Since I was born, I carry atopic eczema on my skin. In the current time, I try to live normally, but it's hard to control my skin... It stops me doing thinks I like. I follow treatments but they don't help that much. It feels that I am giving everything that I got, yet I don't see positive results on my skin... It makes me feel sad and depressed.
Helder, 19, Portugal
Can’t explain the full story in 500 words. However I’ve had it as small as I can remember. Then it came back to beat me badly in 2014 when I was at Dance College in London. I was LIVING the DREAM of DREAMS. I couldn’t believe I was there. It took me though. In 2015 December I had to give it all up. I’m still battling. I’m still trialling new methods & medications. It’s the biggest hardest journey ever. It’s horrible. It’s harsh. It’s lonely. There NEEDS & MUST be more awareness.
Fay, 25, United Kingdom
I've lived with atopic eczema since I was a toddler. My life is non stop itching and scratching, my face and arms flare up from the warm water in the morning. It's made a lot of things difficult. I'm constantly needing to upgrade my skincare, and it costs a fortune. I have scars from scratching in my sleep, I'm always self conscious about it. However, it has gotten better. Quite a bit better. With a lot of care, things have changed.
Dean, 18, Great Britain
Living with eczema means itching constantly, and scratching in response, and then drawing blood, and trying to hide that. Living with eczema means being told you'll "never be cured" and being prescribed all manner of potions and lotions, none of which work. It means waking in the night in agony, bleeding over sheets and clothes, paying for any treatment that might work regardless of the cost, and scalding yourself in the shower to try to find peace. Living with eczema doesn't get enough credit.

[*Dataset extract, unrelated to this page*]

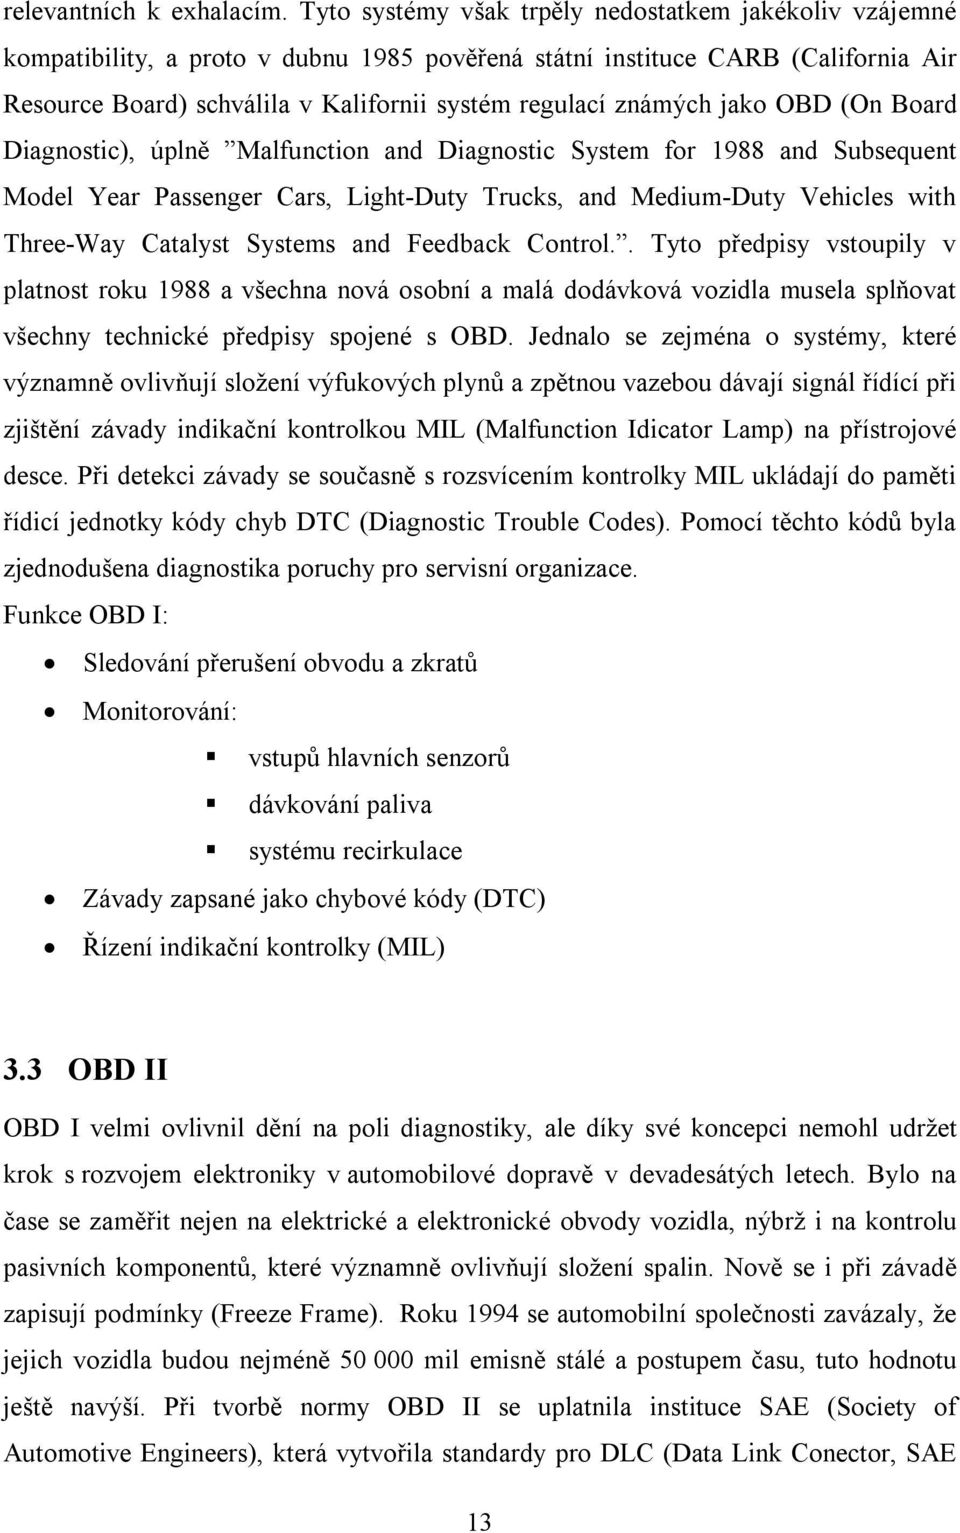 známých jako OBD (On Board Diagnostic), úplně Malfunction and Diagnostic System for 1988 and Subsequent Model Year Passenger Cars, Light-Duty Trucks, and Medium-Duty Vehicles with Three-Way Catalyst

Victoria, 20, United Kingdom
I would like if skin care products were paid by the health insurance, the increased need for them is already a burden, I of course have an increased need for care. More causes-treatment should be explored on the patient as such.
Dirk, 52, Germany
I scratch myself and it means complications, I cannot swim and do sports. I need to spend more money on clothes and cannot have tight clothes nor fully covering shoes. Work clothes can be a problem, the ability to adapt them. I am worried when I am looking for a job because you cannot wash your hands as often as may be needed. The employment service needs to understand that I cannot search for all jobs. > >
Anna, 20, Sweden
The medical world is sometimes so difficult, they do not cooperate. I really had to urge the dermatologist to look further. He did not want to. Eventually, I went to an allergologist and it turned out to become better with dietary adjustment. It’s important to work together and to look beyond.
Eva, 33, Netherlands
In acute conditions, it puts a lot of strain on me, both mentally and physically, and it also puts a strain on finances, healthy living is expensive and eczema limits many things I can eat, and manythings are expensive and you have to be able to afford it.